Westin Grand Hotel (Vancouver): Court to determine if Cressey and/or others misrepresented condo hotel units

The Westin Grand Condo Hotel, Vancouver, BC, Canada

IN THE SUPREME COURT OF BRITISH COLUMBIA

Citation:

The Owners et al. v. Homer Street Development et al.,

 

2007 BCSC 362

Date: 20070315
Docket: S76792
Registry: New Westminster

Between:

The Owners, Strata Plan LMS 3851,
Chong Ping Wong and others

Plaintiffs

And

Homer Street Developments Limited Partnership,
(formerly Cressey (Homer) Limited Partnership)
and others

Defendants

And

O’Neill Hotels & Resorts Ltd. and others

Third Parties

Before: The Honourable Mr. Justice Truscott

Ruling

Counsel for the plaintiffs:

B.W. Dixon

S.T. Warnett

 

Counsel for the defendants

Homer Street Development Ltd. Partnership

et al (The “Developers”):

 

G.N. Corson

 

Counsel for the defendant

MM&R Valuation Services, Inc.:

 

G.M. Nijman

 

Counsel for the third parties

O’Neill Hotels & Resorts Ltd.

and OHR Grand Management

Robert F. O’Neill and John C. O’Neill:

 

D.G.S. Rae, Q.C.

 

Date and Place of Trial/Hearing:

March 13, 2007

 

New Westminster, B.C.

[1]                The plaintiffs have provided to the defendants and to the court a statement of what they consider to be the issues involved in their claims for the purpose of the stage one trial.
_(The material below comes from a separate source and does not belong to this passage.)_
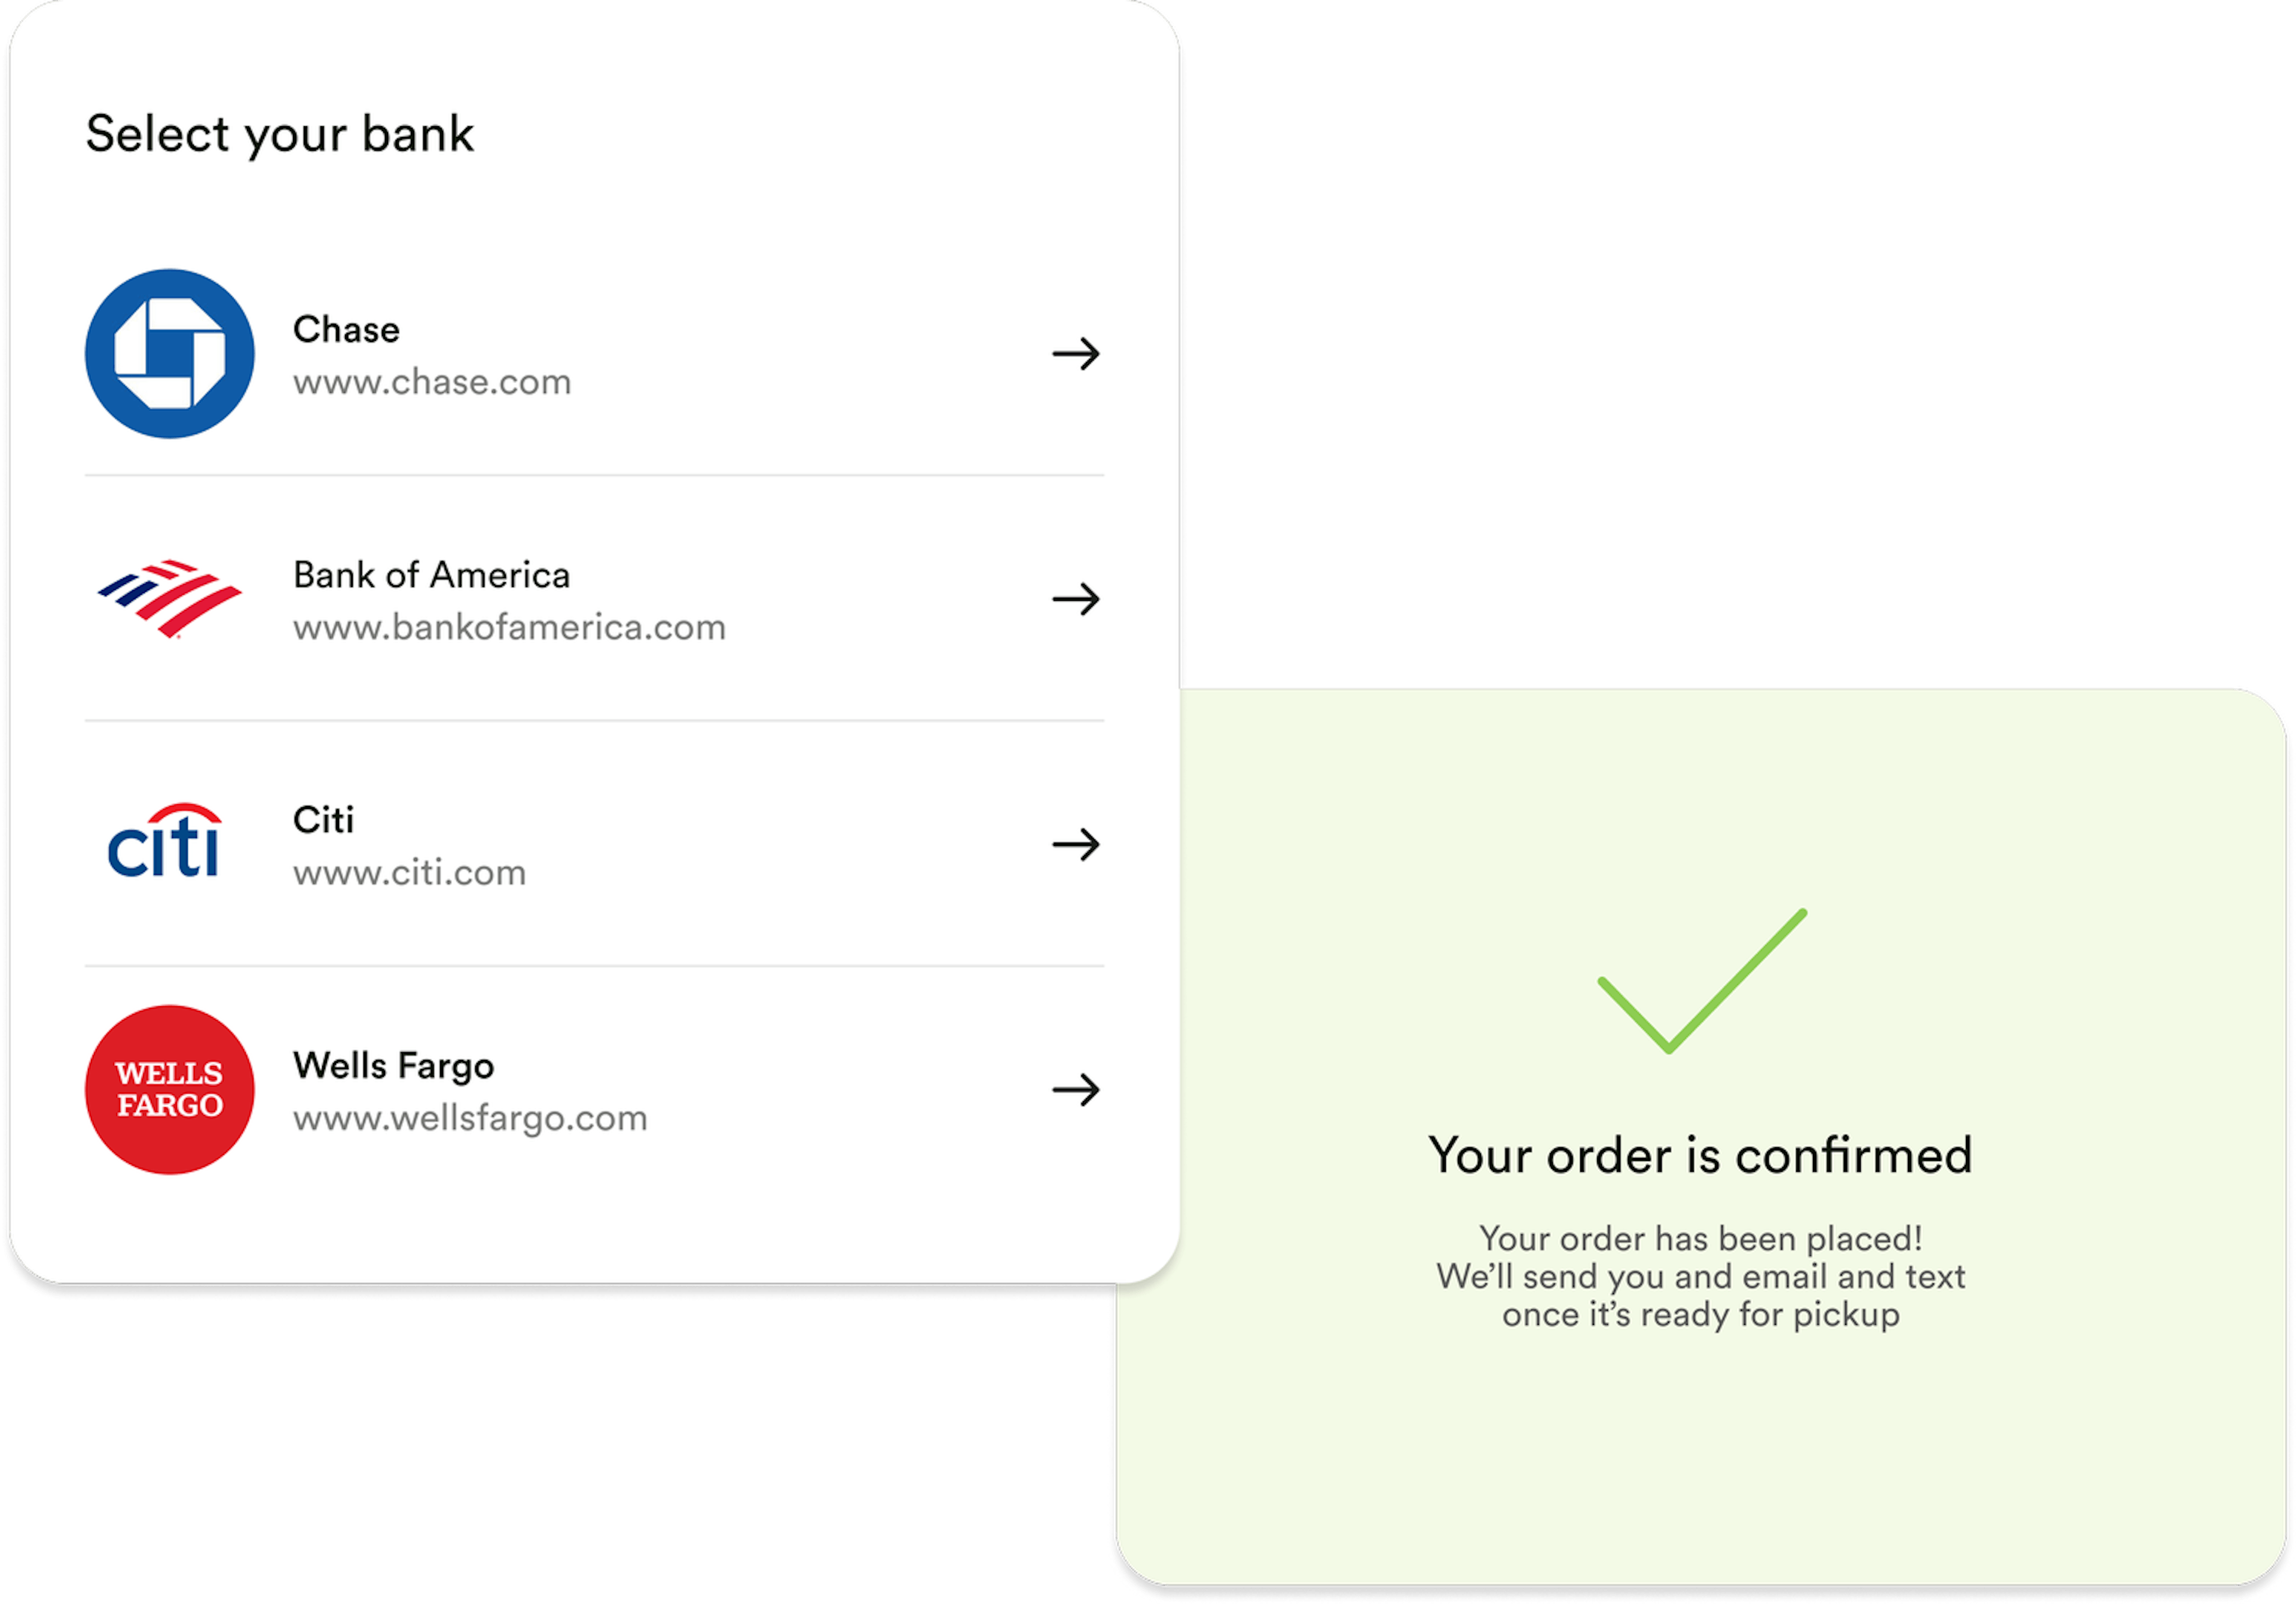 A screenshot illustration of ACH payments, listing popular banks and a confirmation message for a cannabis order made at a dispensary through ACH payments

[2]                The defendants take issue with one of the issues being involved and with the framing of some of the other issues.

[3]                The developer defendants take issue with the involvement of alleged representations in the marketing brochure and auditor’s report dated November 8, 1996 due to plaintiffs’ counsel’s concession in the past that these alleged representations were no different than the representations alleged in the disclosure statement.

[4]                Plaintiffs’ counsel says there should be no objection to including these alleged representations in the marketing brochure and auditor’s report as long as there is no involvement of any issue of who received these documents nor who relied upon these documents, as part stage one.

[5]                On this basis I agree that the alleged representations in the marketing brochure and the auditor’s report will form part of the stage one trial to the extent of determining who is responsible for those representations, who owed a duty of care with respect to them, whether they were material, whether they were false, and whether the developers, directors or OHR were fraudulent or negligent in making those representations, all as are presently alleged against these three defendants through the disclosure statement.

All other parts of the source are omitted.